WE all want our children to have “the best”, and sometimes that might seem like the best prom dress, the best graduation present, the best summer camp experience ... the list goes on. But in our relentless focus on the best things, we often lose sight of what’s really important – the gifts that can’t be bought.
Below is a list of intangible gifts we can give our children, which help nurture healthy children, so they can reach their full potential. These gifts will help children develop the best qualities: being respectful, responsible, resilient and compassionate.
1. Your time, presence and connection
You may spend a lot of time with your children and still not really be there for them. Children need your presence. This means “tuning in”, listening, responding from your heart rather than your head and observing your children with no agenda. In other words, being present and experiencing their beauty and the joy they create in your life. When you are truly present, they will feel your love.
Feelings are not right or wrong – this especially applies to uncomfortable feelings. Expressing feelings is healthy and allows a child to get support and to learn problem solving. When parents don’t accept their children’s feelings, there is a consequence: Children disconnect from themselves, and this creates unhappiness as well as misbehaviour.

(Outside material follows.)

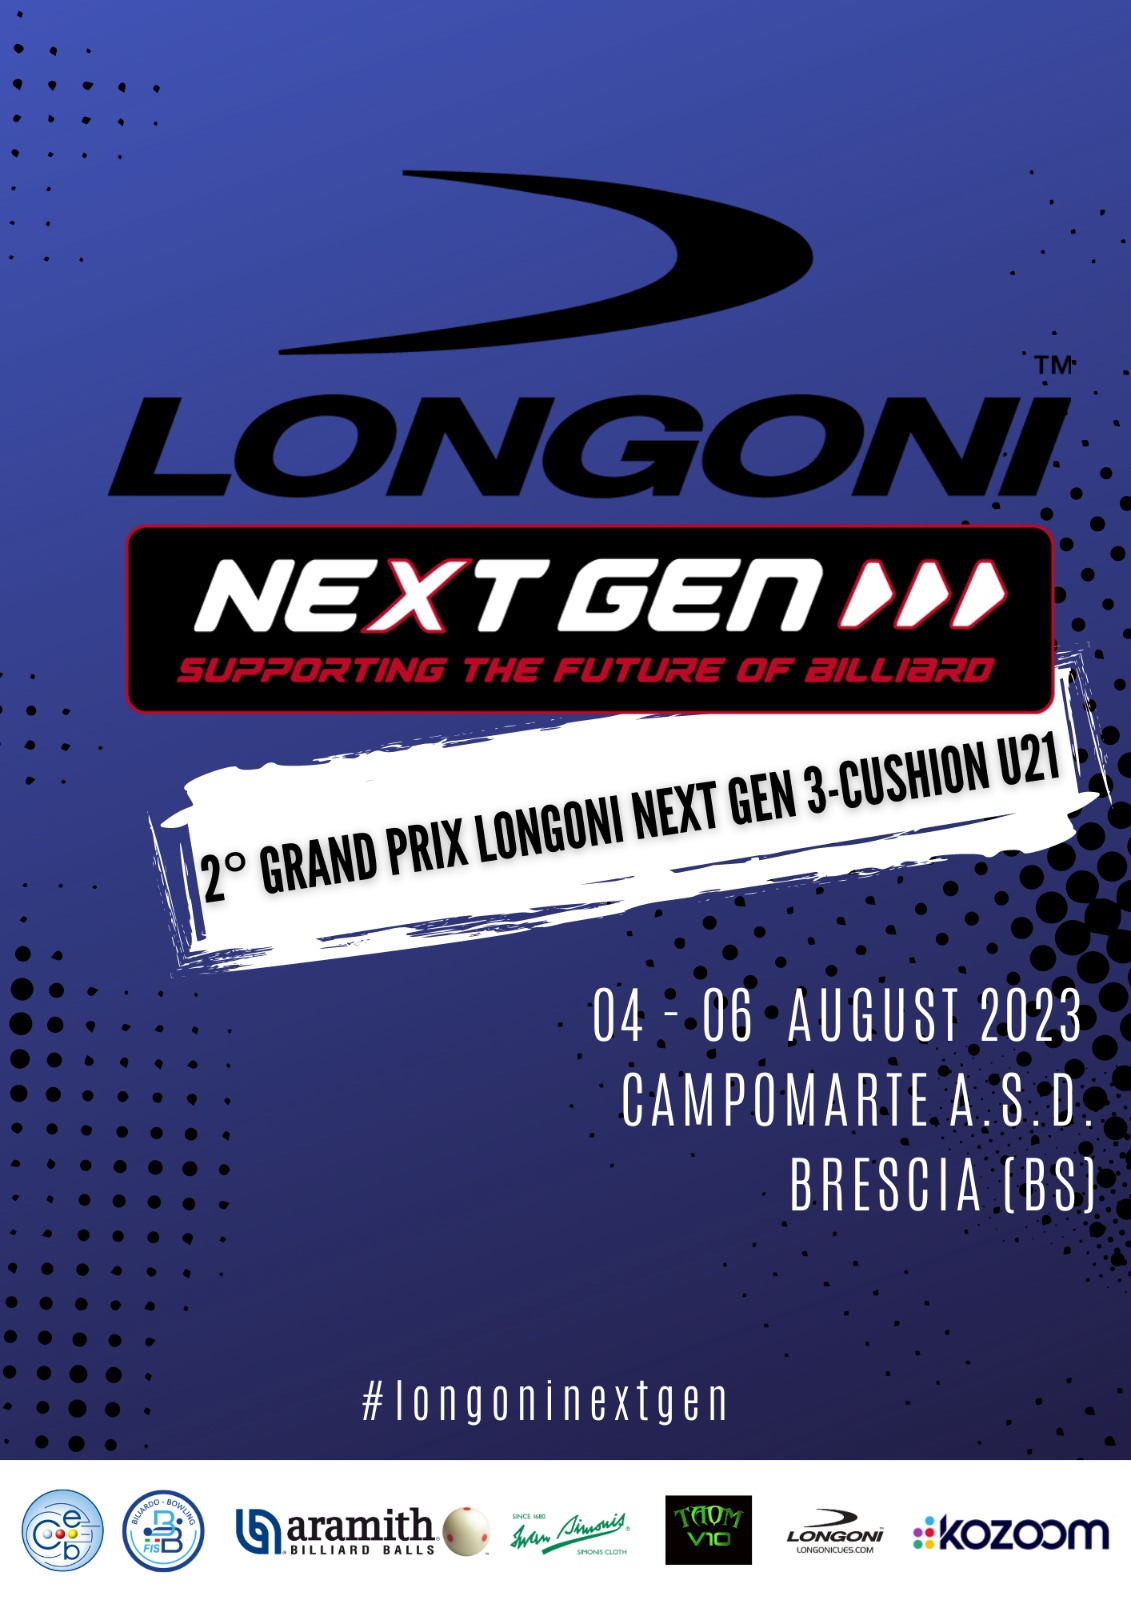 2° GRAND PRIX LONGONI NEXT GEN 3-CUSHION UNDER 21

3. Unconditional love and acceptance
Make sure your child knows that if given a choice of all the children in the world, he or she is the one you would choose, quirks and all.
Empathy is one of the most important parenting tools, and it’s essential for healthy relationships.
Parents need to communicate empathy at every age, especially in the difficult moments. Empathy means letting your child know that you understand how they feel (even when you don’t “like” it).
5. Limits and boundaries
Despite their protests, children need and want limits. Clear, consistent limits and rules based on
your values, provide safety and security. Setting limits teaches children the critical life skill of setting healthy boundaries for themselves.
When children are given the gift of down time and even boredom, they have the opportunity to look inward, to discover themselves, their feelings and their needs. Down time creates an opportunity for them to “take action” in their lives rather than have “action” come to them. It is through down time that creativity emerges and children learn how to be alone without being lonely.
7. Struggle and disappointment
While it is natural for parents to want to protect their children, it is important for them to allow children the freedom to make their own decisions. They need to experiment, make mistakes and fail (yes, fail). If we jump in to solve their problems or rescue them, we deprive them of critical learning opportunities. Through struggle, confidence is built, self-discovery deepens, and perseverance and problem-solving skills develop.
Conflict pushes many parents’ buttons. Because limit-setting and discipline often cause anger and conflict, many parents find themselves avoiding it altogether. However, conflict is part of life and it is OK. In fact, it is through conflict that children learn to understand their emotions, control their impulses, take responsibility, express themselves authentically, move towards solutions and develop empathy.
9. Chores and responsibilities
Chores and responsibilities help children feel valuable to the family. They learn that they are accountable and that there are consequences when they don’t keep their end of the bargain.
10. Mistakes and imperfection
Teach and model for children that everyone makes mistakes and that it’s okay to be imperfect.